**EXERCISE DETAILS**
Transcribe the listing below in full, exactly, with no images.

-- SUPPLIED MATERIAL follows --

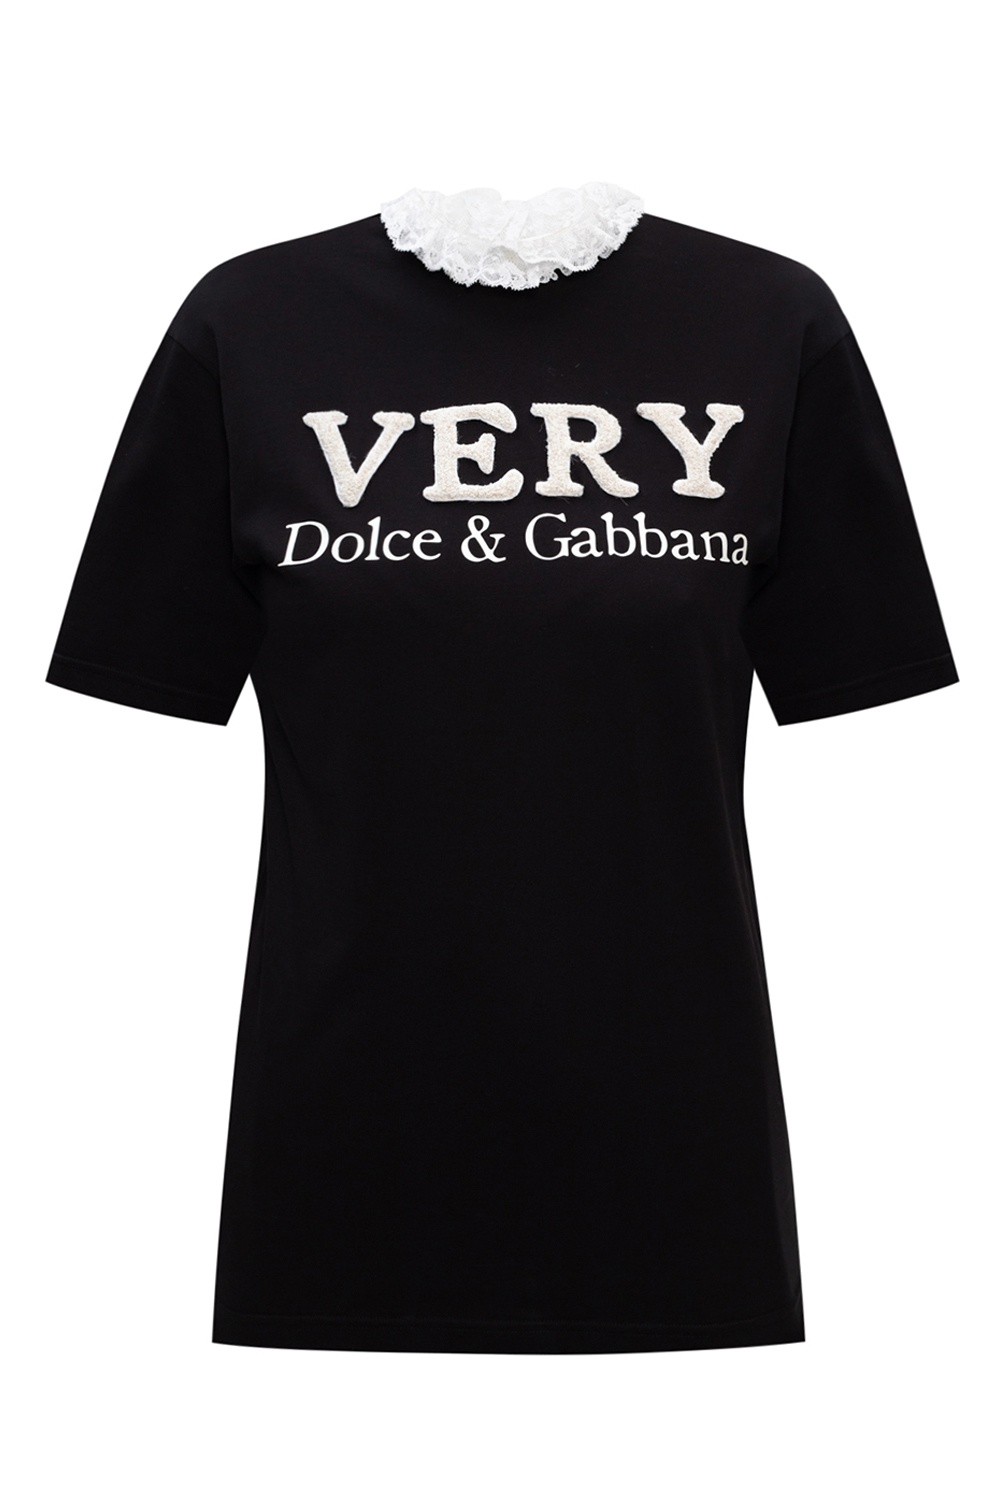 dolce and gabbana t shirt size chart
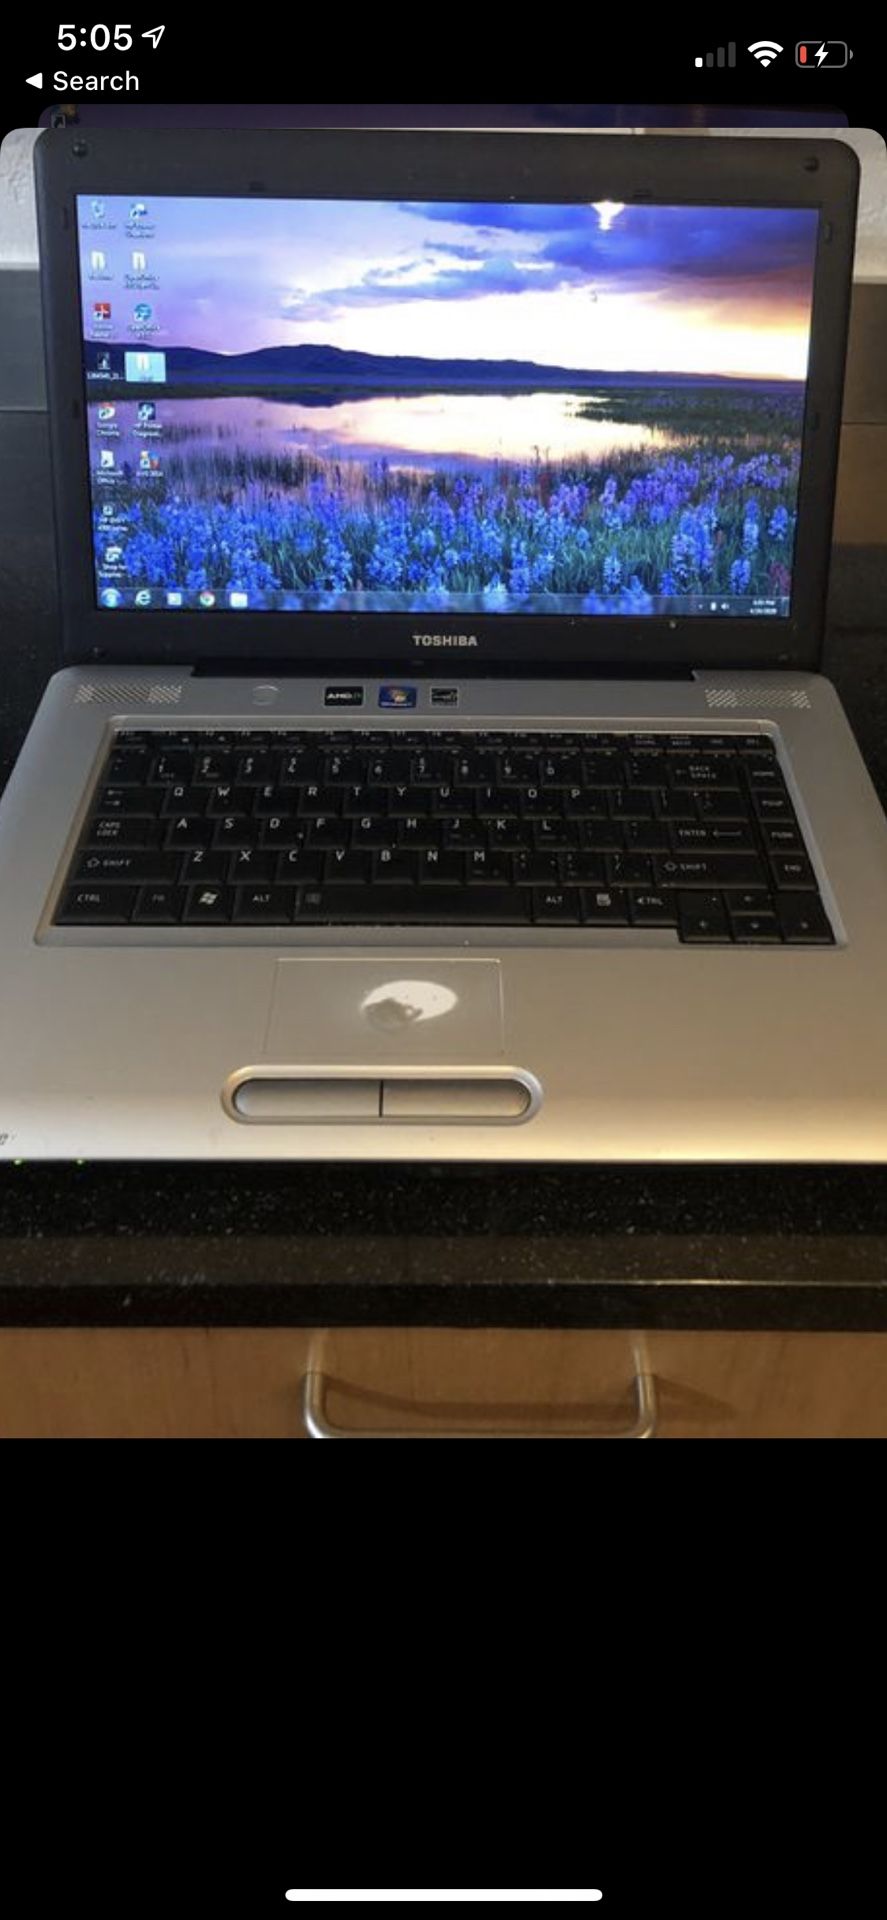 Toshiba laptop with Window 7
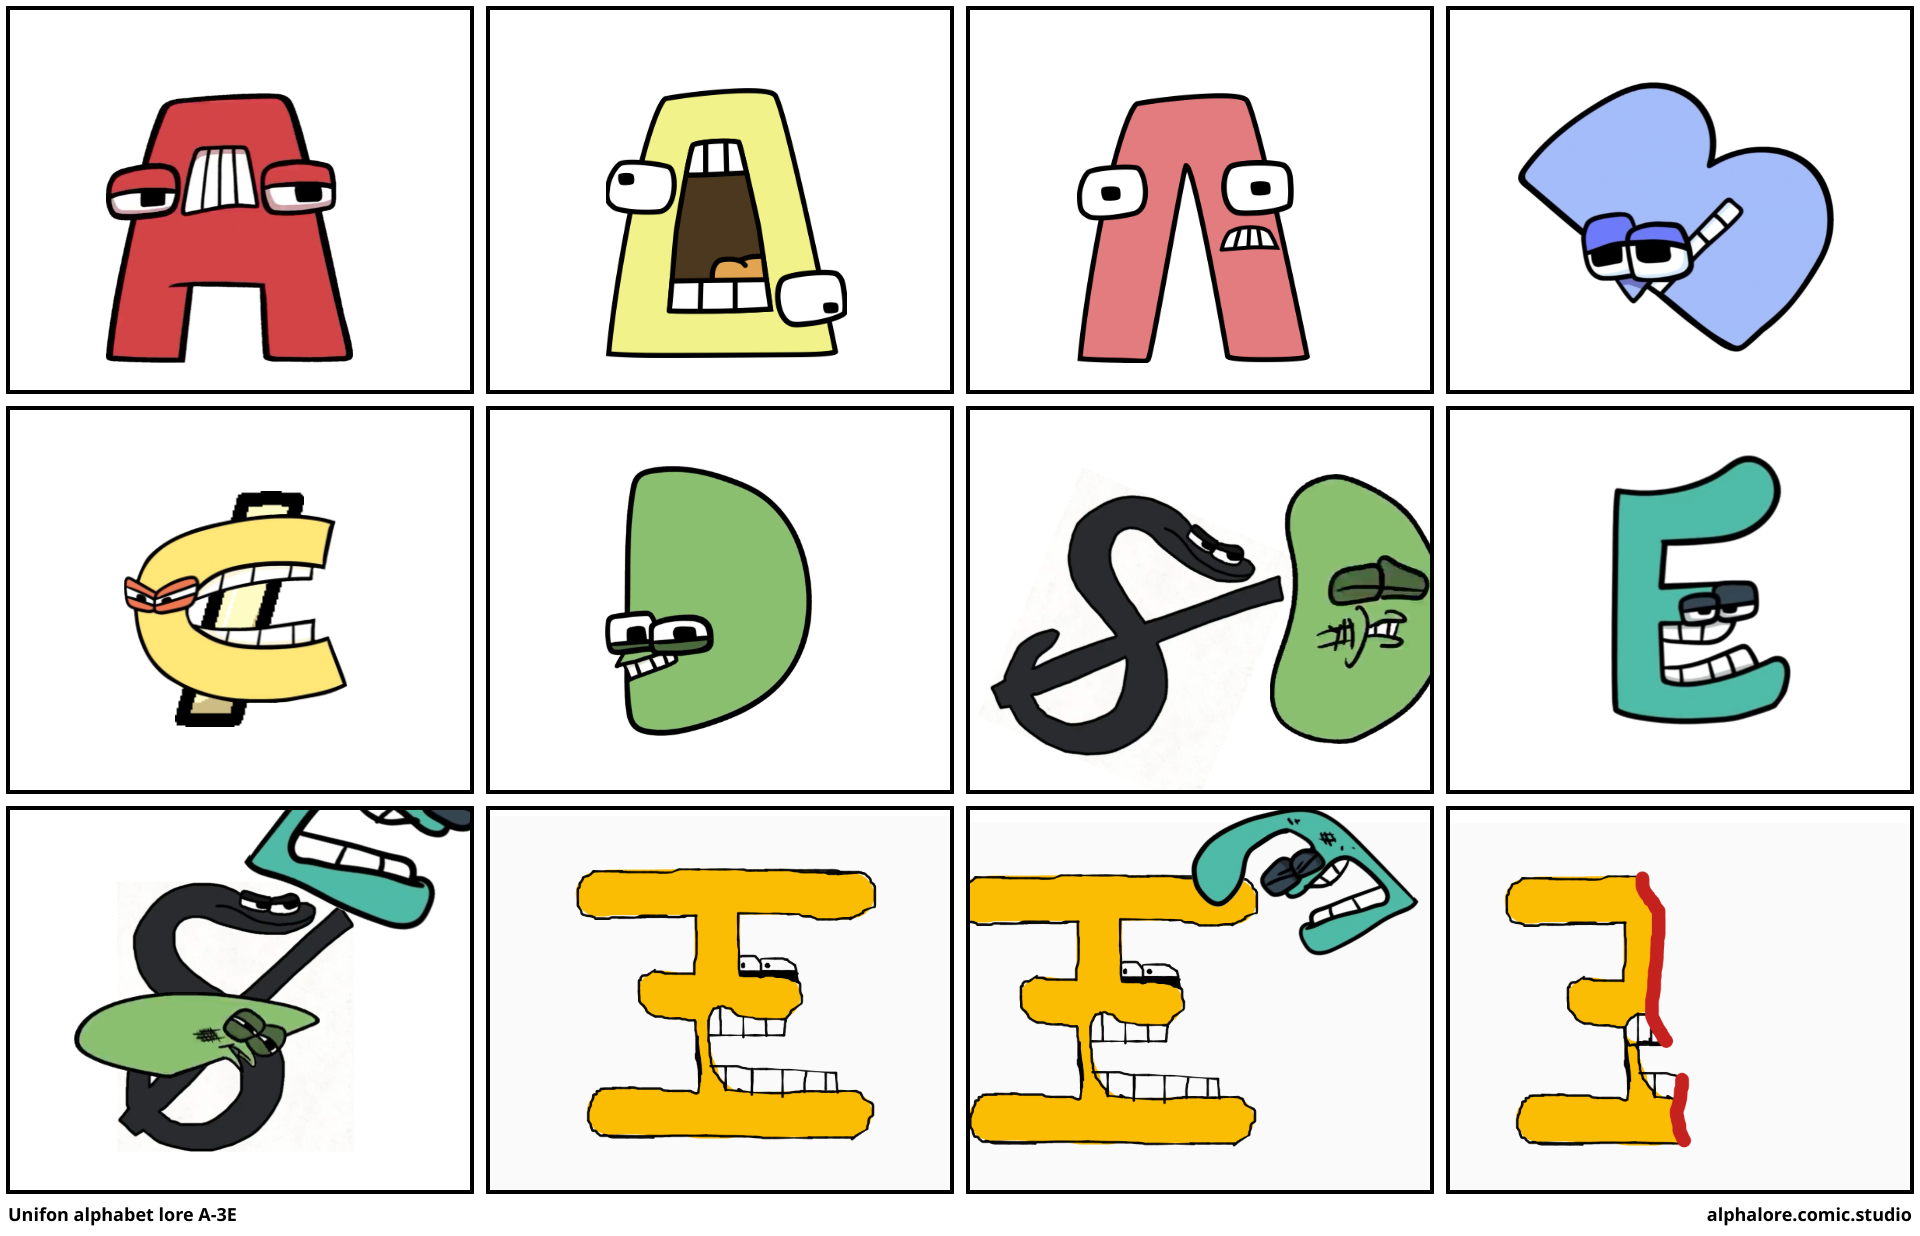 interactive unifon alphabet lore

-- SUPPLIED MATERIAL concluded --

**TASK RESULT**
 dolce and gabbana t shirt size chart
 Toshiba laptop with Window 7
 interactive unifon alphabet lore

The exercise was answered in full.